The affairs of Ireland were again in a muddle. Robert Emmet’s insurrection had just occurred, and martial law was eventually proclaimed. Mr. Fox protested in vain against the system under which that country was governed, as also did the Political Register.[7] A correspondent (Mr. Robert Johnson, a Judge of the Irish Common Pleas) sent some letters, signed “Juverna,” containing an able, but rather bitter, series of comments upon recent events, to which the editor gave a prominent place in his journal (November-December, 1803). These letters opened the flood-gates of wrath; and Mr. Cobbett was, accordingly, prosecuted in the following May for publishing “certain libels upon the Earl of Hardwicke, Lord Lieutenant of Ireland,” and others.
“Juverna” had stated, among other matters, that “the government of a harmless man was not necessarily a harmless government;” that Lord Hardwicke “was in rank an earl, in manners a gentleman, in morals a good father and a good husband;” that “he had a good library in St. James’s Square,” and was “celebrated for understanding the modern method of fattening sheep as well as any man in Cambridgeshire;” and he wanted to know if the Viceroy was “one of that tribe who have been sent over to us to be trained up here into politicians, as they train the surgeons’ apprentices in the hospitals, by setting them at first to bleed the pauper patients?”
Against Mr. Justice Osborne (of the Irish King’s Bench) the insinuation of “Juverna” was that he had wrongfully stated, in a recent charge, that the progress of crime in Ireland had been effectually checked by the “well-timed efforts and strenuous exertions of a wise and energetic government.”

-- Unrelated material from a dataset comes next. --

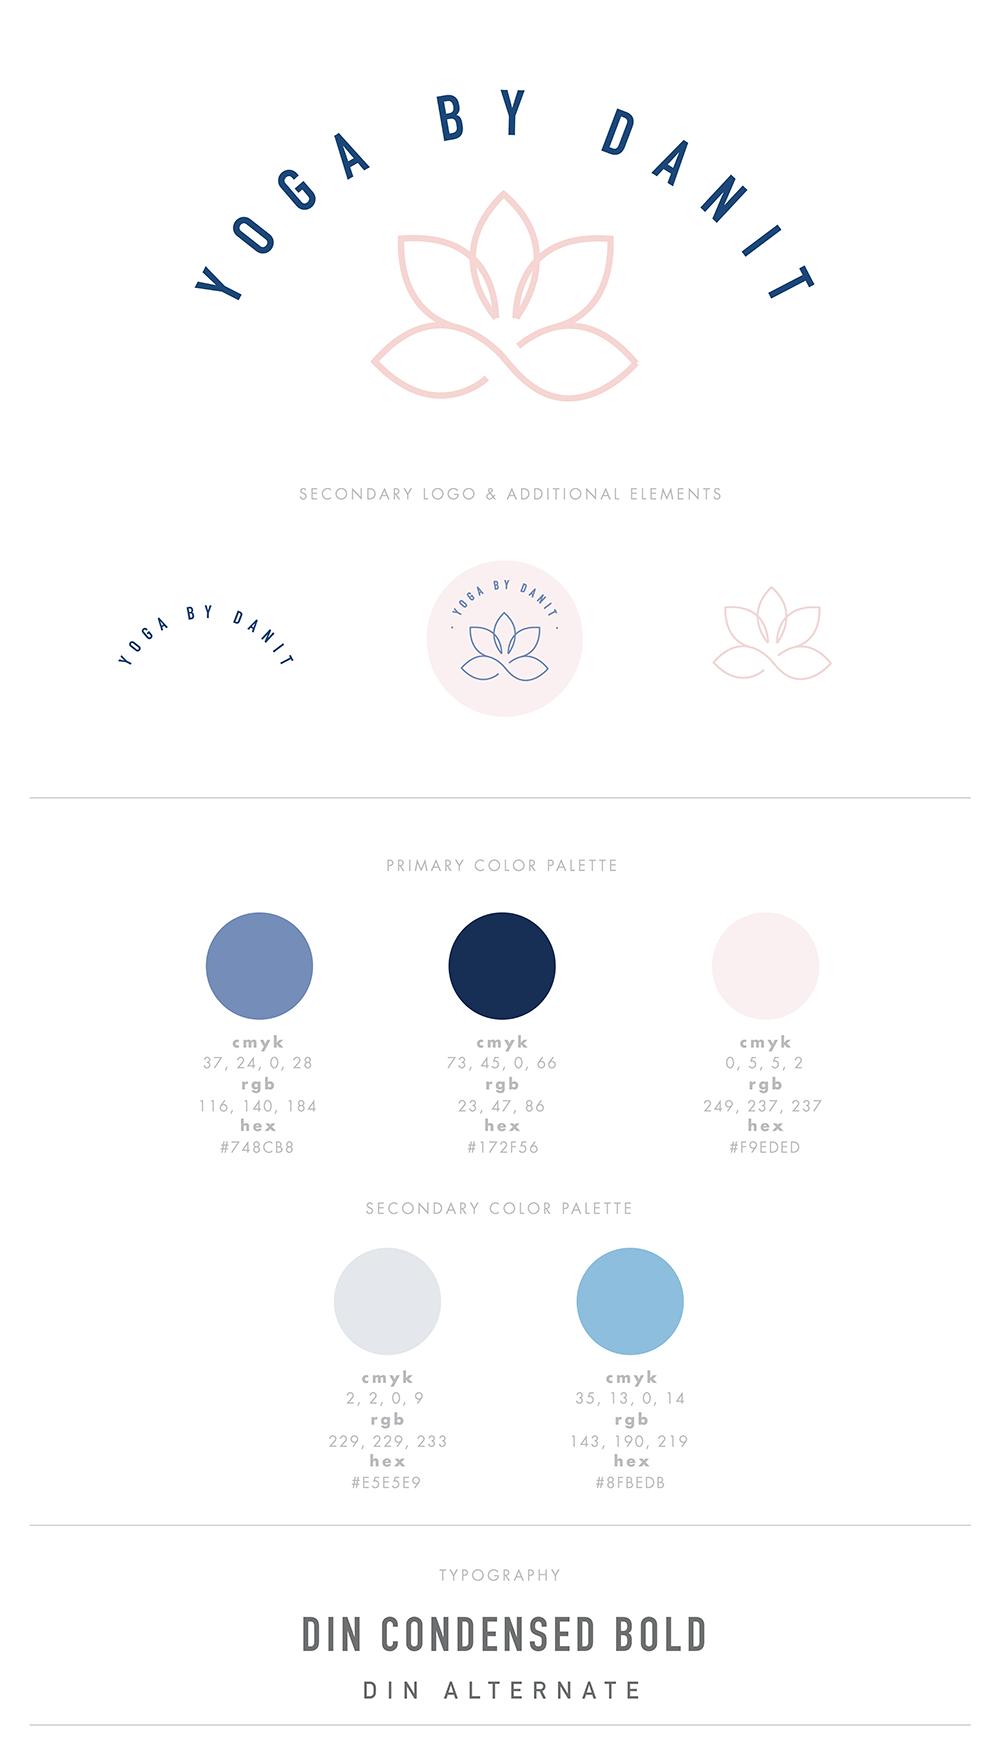 danit-yoga-web-design-logo-branding.pong

Lord Redesdale, the Irish Chancellor, was sneered at in general terms; and alluded to as “a strong chancery pleader,” not entitled to claim one particle of trust or confidence from the public.
The trial was like all the political trials in those days:—imputations of the worst motives, insinuations of motives undreamt-of, graced the Attorney General’s speech for the prosecution; Lord Ellenborough anticipated the decision of the jury by calling the words libellous: what more was to be expected than a verdict of guilty?[8]
The defendant’s witnesses to character were all eminent men: Mr. Liston, Lord Henry Stuart, Mr. Windham, Mr. Charles Yorke, the Earl of Minto, and Mr. John Reeves, successively testified to his loyalty, and thereby practically supported the non-libellous view of the matter. The defendant’s counsel, Mr. Adam, pointed out that the avowed object of the writer was “the support of good government in Ireland, and the removal of the present administration.” But in vain.
On the next day a civil action for damages was tried in the King’s Bench, brought by Mr. Plunkett, Solicitor-General for Ireland, on a passage in one of Juverna’s letters; the ground was all gone over again, and with a similar result. Mr. Erskine led the prosecution.
From this day Mr. Cobbett had a handle to his name, which his unreasoning and malicious foes—his envious, his beaten foes—could flourish at will. He was now a “Convicted Libeller.” And when you can call a man a convicted libeller or a convicted anything, you may fill the office of ass to the sick lion, not only with impunity, but with credit and distinction to yourself. You will even find many base admirers.